Les vendeurs de journaux prennent de plein fouet la crise actuelle et pâtissent des déboires des distributeurs.
par Mathilde Frénois, Correspondante à Nice
publié le 16 juin 2020 à 20h46

Le kiosque de Sami Sarkis occupe une place stratégique. C'est ici, posé en face du palais de justice et à deux pas de la mairie, que les avocats et les fonctionnaires se pressent pour acheter les journaux. Les touristes se laissent aussi tenter à l'occasion d'une traversée du Vieux-Nice. Ce lundi, comme tous les matins, c'est le défilé. Une avocate vient acheter la presse locale. Un habitué recherche le magazine de décoration intérieure House Garden.
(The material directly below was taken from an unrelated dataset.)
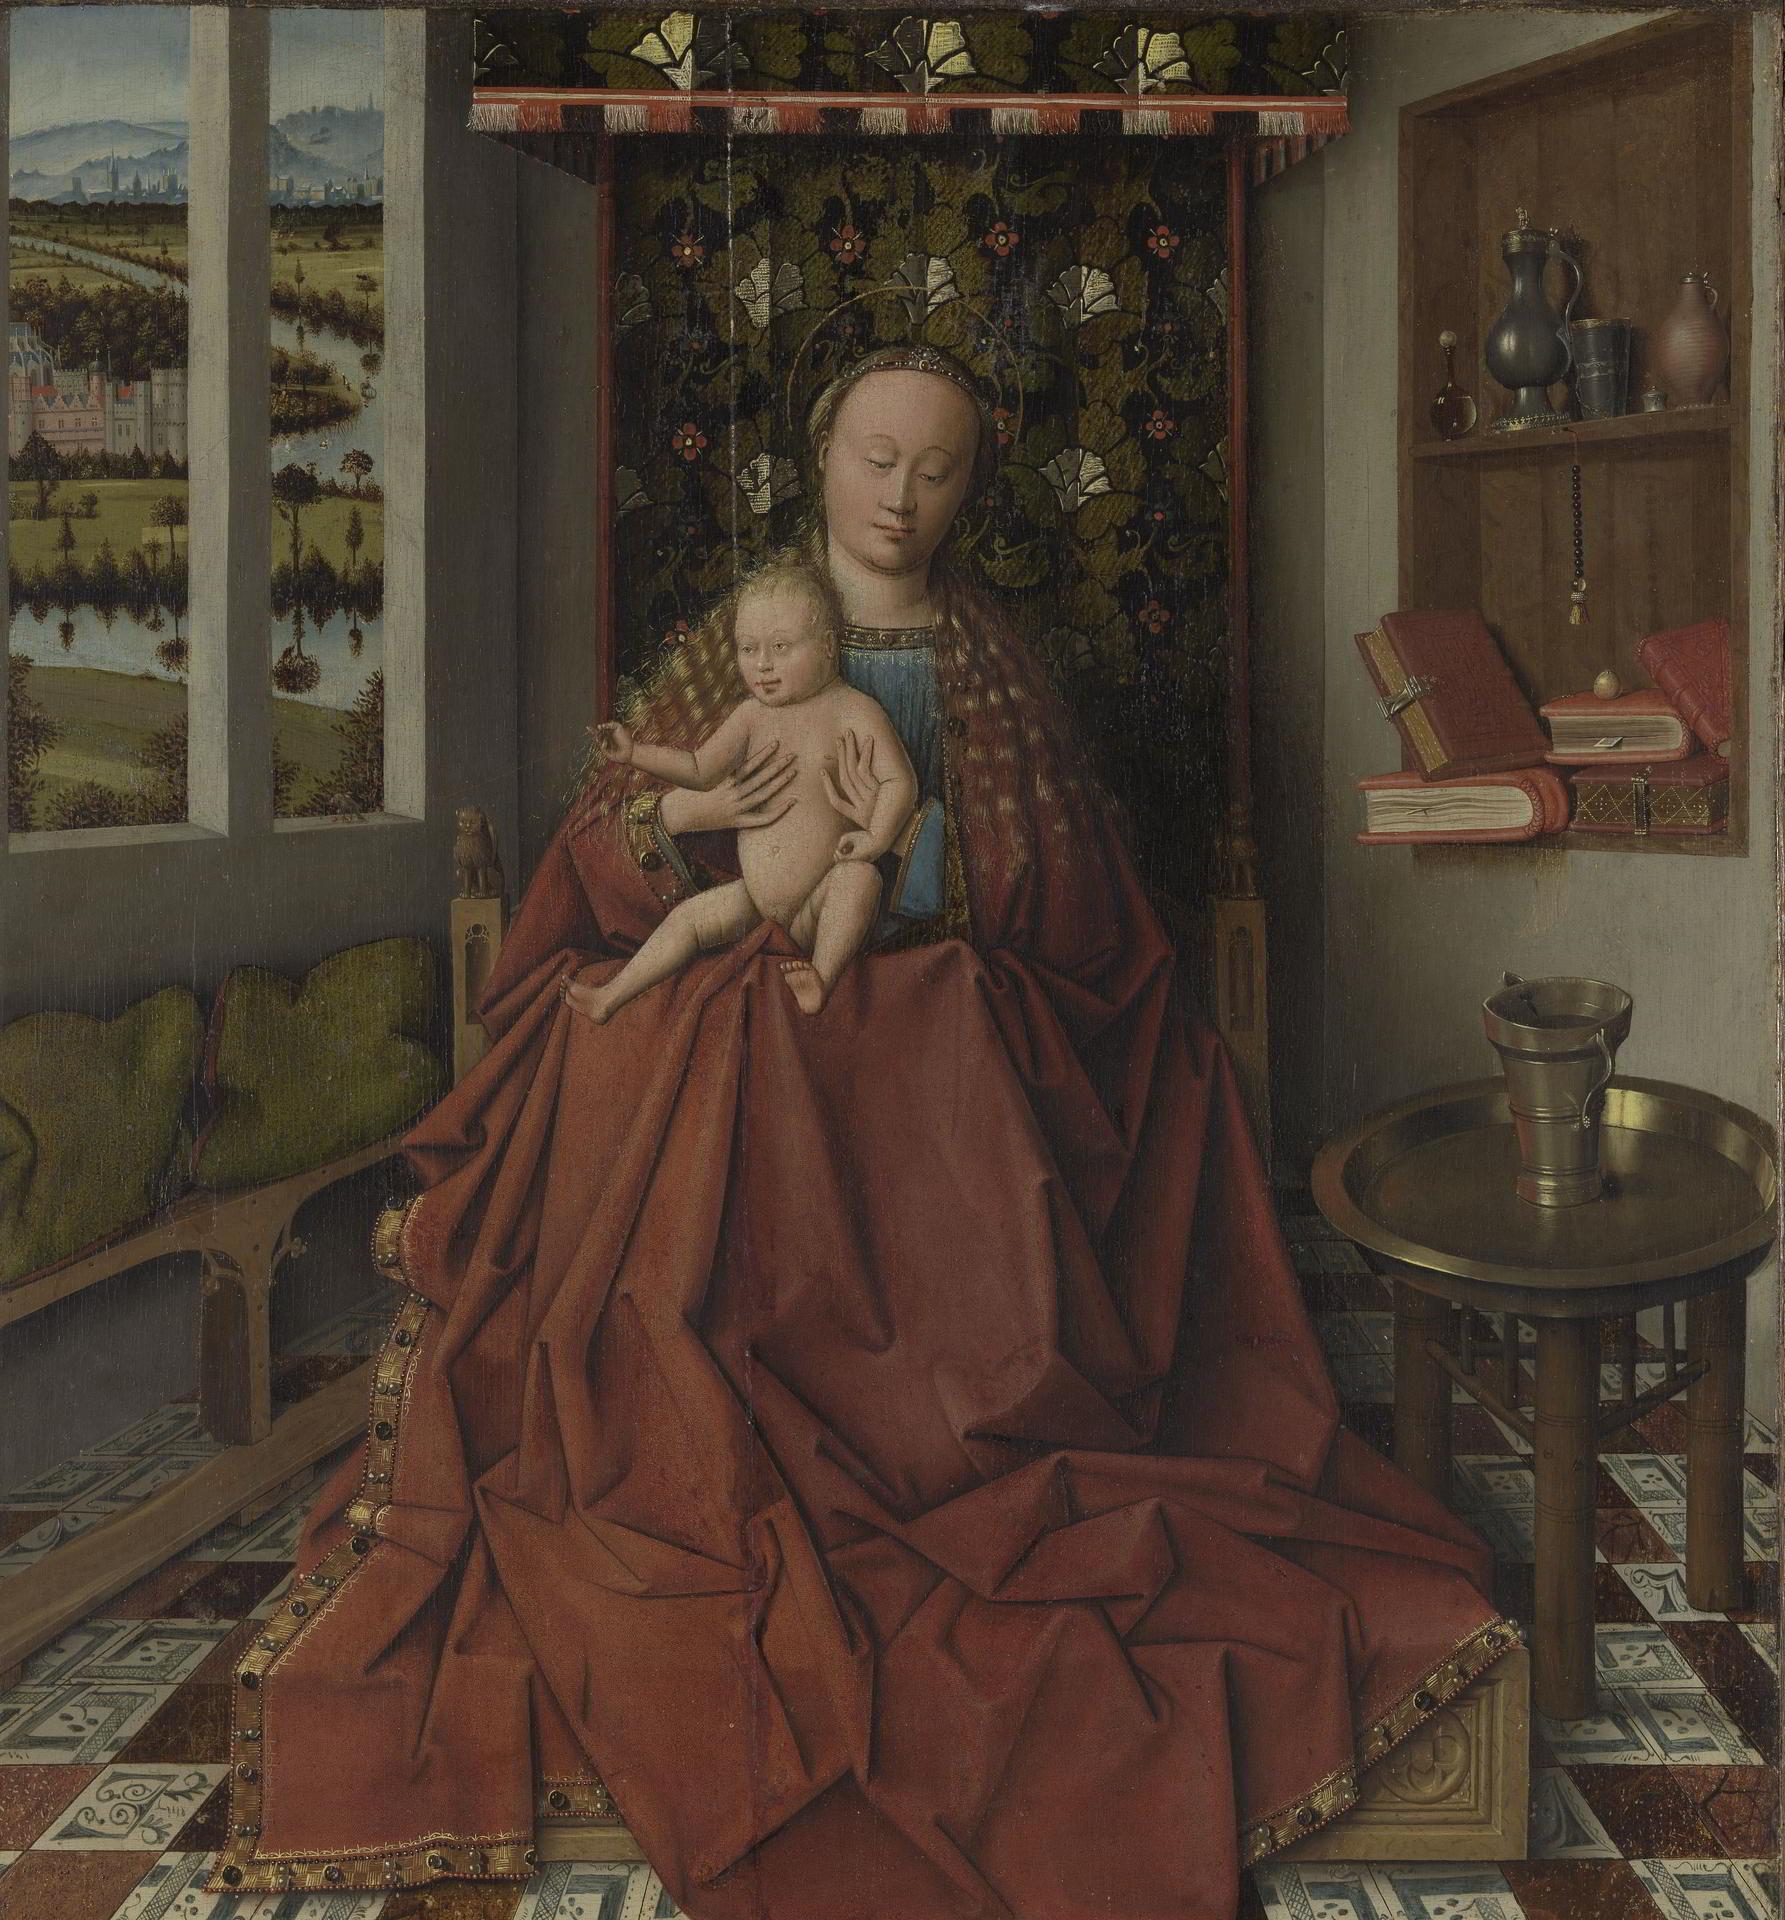 Follower or workshop of Jan Van Eyck,, <em>Virgin and Child</em>, ca. 1450 Musea Brugge, Bruges

C'est là que les justifications commencent pour Sami : «Tant qu'il n'y aura pas d'avions, il n'y aura pas de presse américaine», répète le kiosquier installé ici depuis dix-huit ans. Mais le confinement n'est pas la seule raison du vide sur l'étalage : la pénurie de magazines et de journaux est surtout due au blocage des dépôts régionaux de Presstalis à Lyon et Marseille, après la liquidation des dépositaires chargés de la distribution de la presse jusque dans le sud-est de la France.

«Satanique»

Le monsieur voulait aussi un sudoku «niveau satanique» : il n'y en a plus depuis plusieurs semaines. Une dame cherche Télé Z : il faudra attendre demain et croiser les doigts pour que le programme télé soit dans la livraison. «Il manque plein de choses. Les gens demandent des titres que nous n'avons pas en rayon. Depuis quinze jours, j'arrive à avoir des quotidiens nationaux, heureusement. Mais je n'ai aucune presse étrangère, sauf celle qui vient d'Italie. Je n'ai que huit exemplaires de l'Equipe au lieu de vingt. Les éditeurs rechignent à imprimer du papier s'il n'est pas livré. Ils ne veulent pas s'engager car ils n'ont pas de vision à court terme.»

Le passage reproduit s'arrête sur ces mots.